Who didn't know, honestly, that he would eventually find a way to score the try the Chiefs needed to win? It felt inevitable that McKenzie would somehow unpick the Blues as he did when he ricocheted out of a few tackles and spun over at the death.
Inevitable because for the final quarter he was tormenting the Blues – pulling them this way and that and sneaking under and past the procession of giants who were trying to take his head off.
McKenzie is sensational when he's in that mood - when he's at first receiver, hungry to get his hands on the ball, perpetual motion and a hundred miles an hour.
Many thoughts will have run though All Blacks coach Ian Foster's head watching in the first round of Super Rugby but one in particular will be taking hold – which is that McKenzie is now a genuine weapon to unleash in the final quarter of a test.
He hasn't always been. He's previously come with a danger warning that he's prone to moments of madness – properly malfunctioning at the most inopportune times.
Until now, he'd never quite managed to inject the requisite self-control and patience to balance his game.
It was all-or-nothing rugby from him as if he was a slave to his instincts which could see him strip a defence one minute, throw an intercept pass the next.
He was as infuriating as he was intoxicating: a maddening assembly of sublime and ridiculous.
But he's endured two tough years in succession, and that seems to have fixed him. Missing the World Cup in 2019 and then never quite finding himself last year at the Chiefs where he was a lost soul in Warren Gatland's confused vision, forced him to rethink his approach in 2021.
He appears to have had a spring clean in his own head, chucked out all the mental clutter and replaced it with a few simple thoughts that are enabling him to retain his attacking sharpness without being so liable to cutting himself on it.
It feels like an age now since he ran down a dead end, threw a wild pass or kicked to nowhere in particular. It would be foolish to imagine that he's eradicated his propensity to make mistakes, but he's greatly reduced his unforced error count and exponentially increased his influence as a result.
McKenzie feels like a player who can now be trusted to inject himself into a test and produce a sustained blast of creative but controlled rugby. The odds of him making a game-winning play are now significantly higher than they are of him making a game-losing mistake and in McKenzie, rugby has a champion it should be holding up to the world as proof that a lack of size is not detrimental to success.
McKenzie's ability to run through traffic is sensational and it's also genuinely heart-stopping at times watching him skip and hop and as the human missiles fire past him, unable to locate such a small target.
And it's also heartwarming to see that an athlete who looks like he could snap in a stiff breeze can cast such an influence in Super Rugby.
Rugby has forever claimed to be a sport for all shapes and sizes, but hasn't actually been that for the better part of a decade.
There used to be room for the slightly built but we would be kidding ourselves to say that's still the case. No one makes it into the midfield these days unless they are somewhere close to 100kg.

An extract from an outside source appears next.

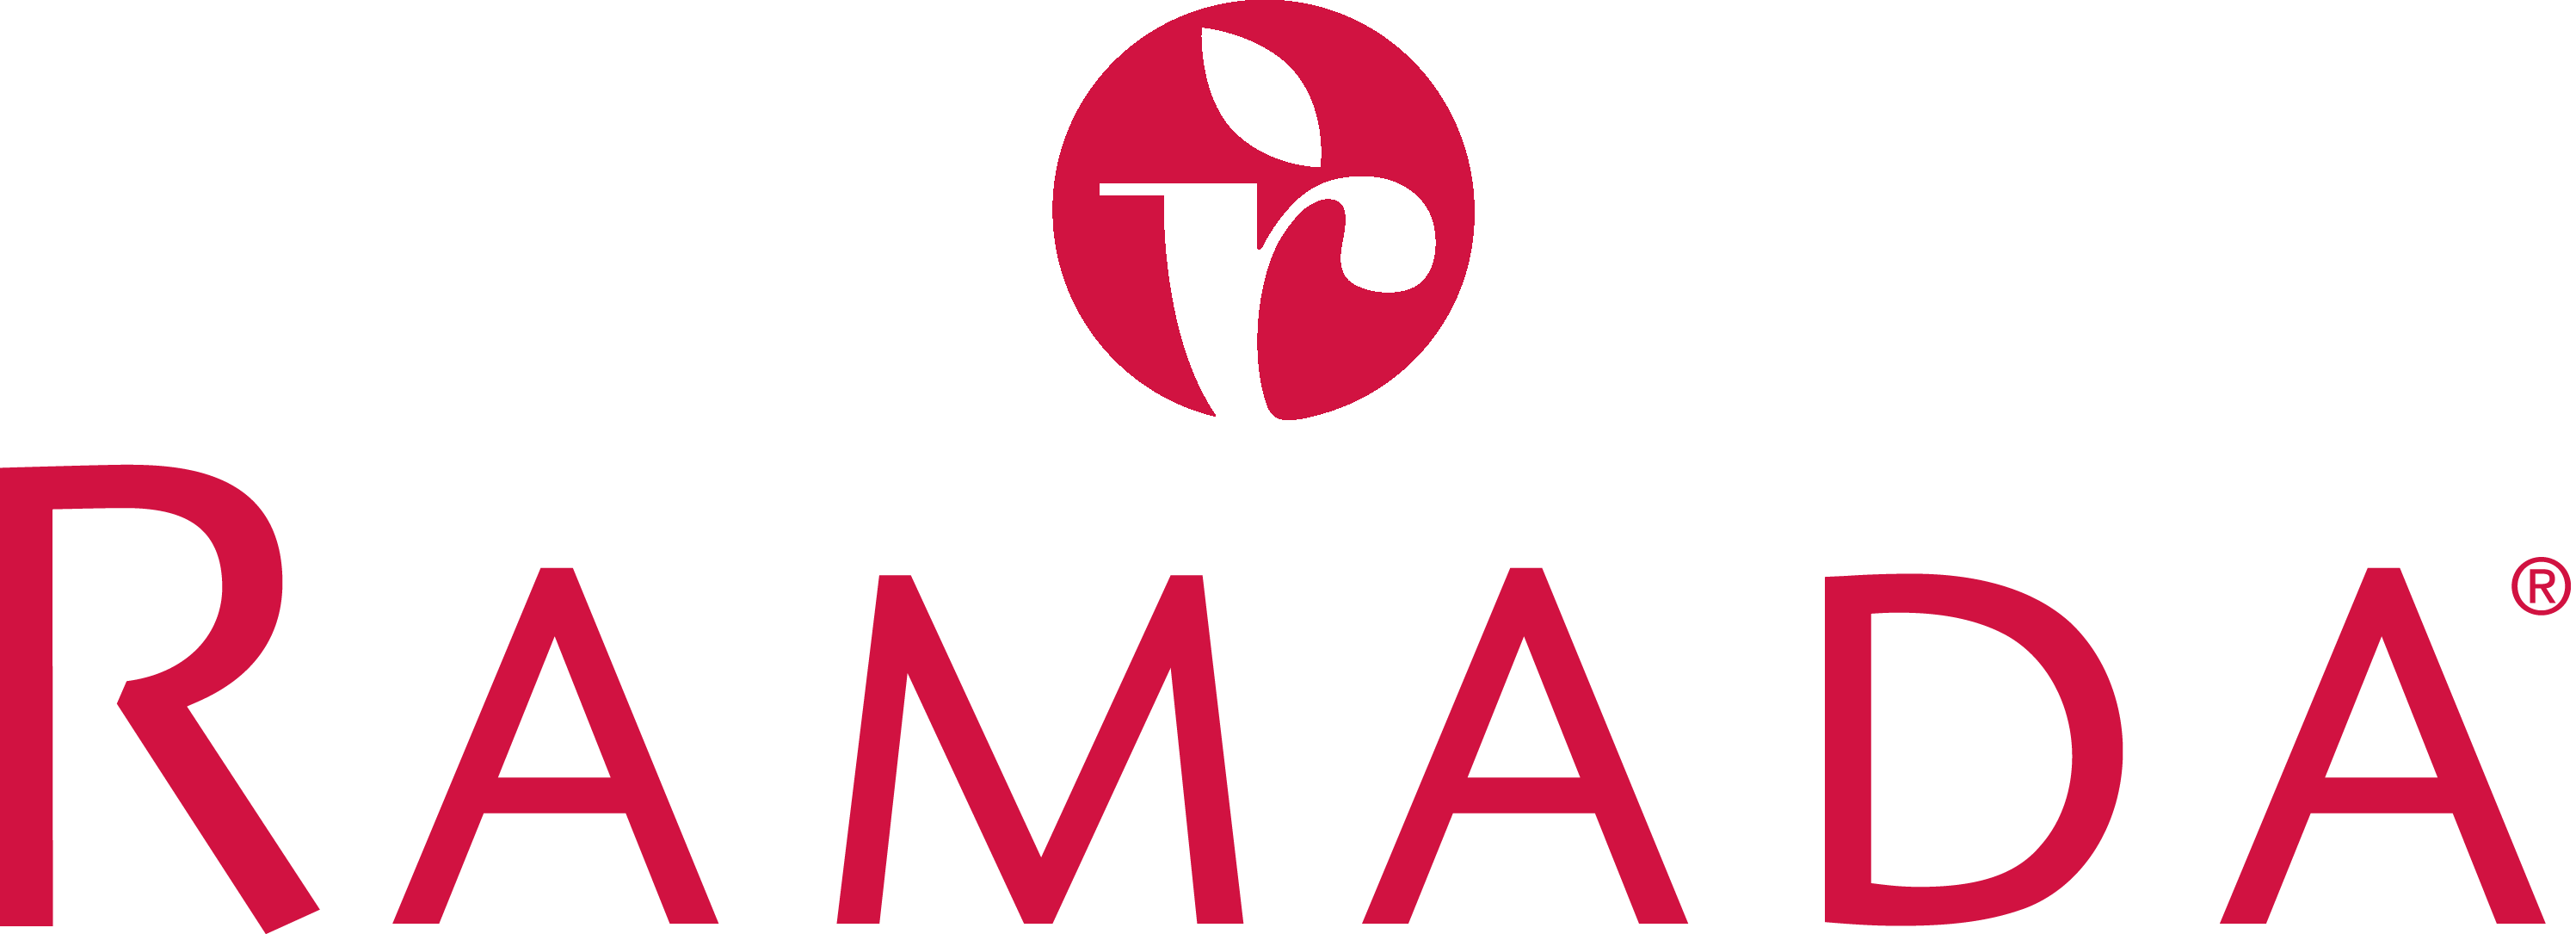 Ramada Logos

Few outside backs can make it to the professional scene if they aren't about the same size as most loose forwards. The likes of Caleb Clarke and Leicester Fainga'unuku play at 110kg as if they are two Terry Wrights glued together.
It makes for a high-impact sport and comes with a level of almost ghoulish fascination to see the collisions, but rugby is a better game for having a player such as McKenzie thriving the way he is.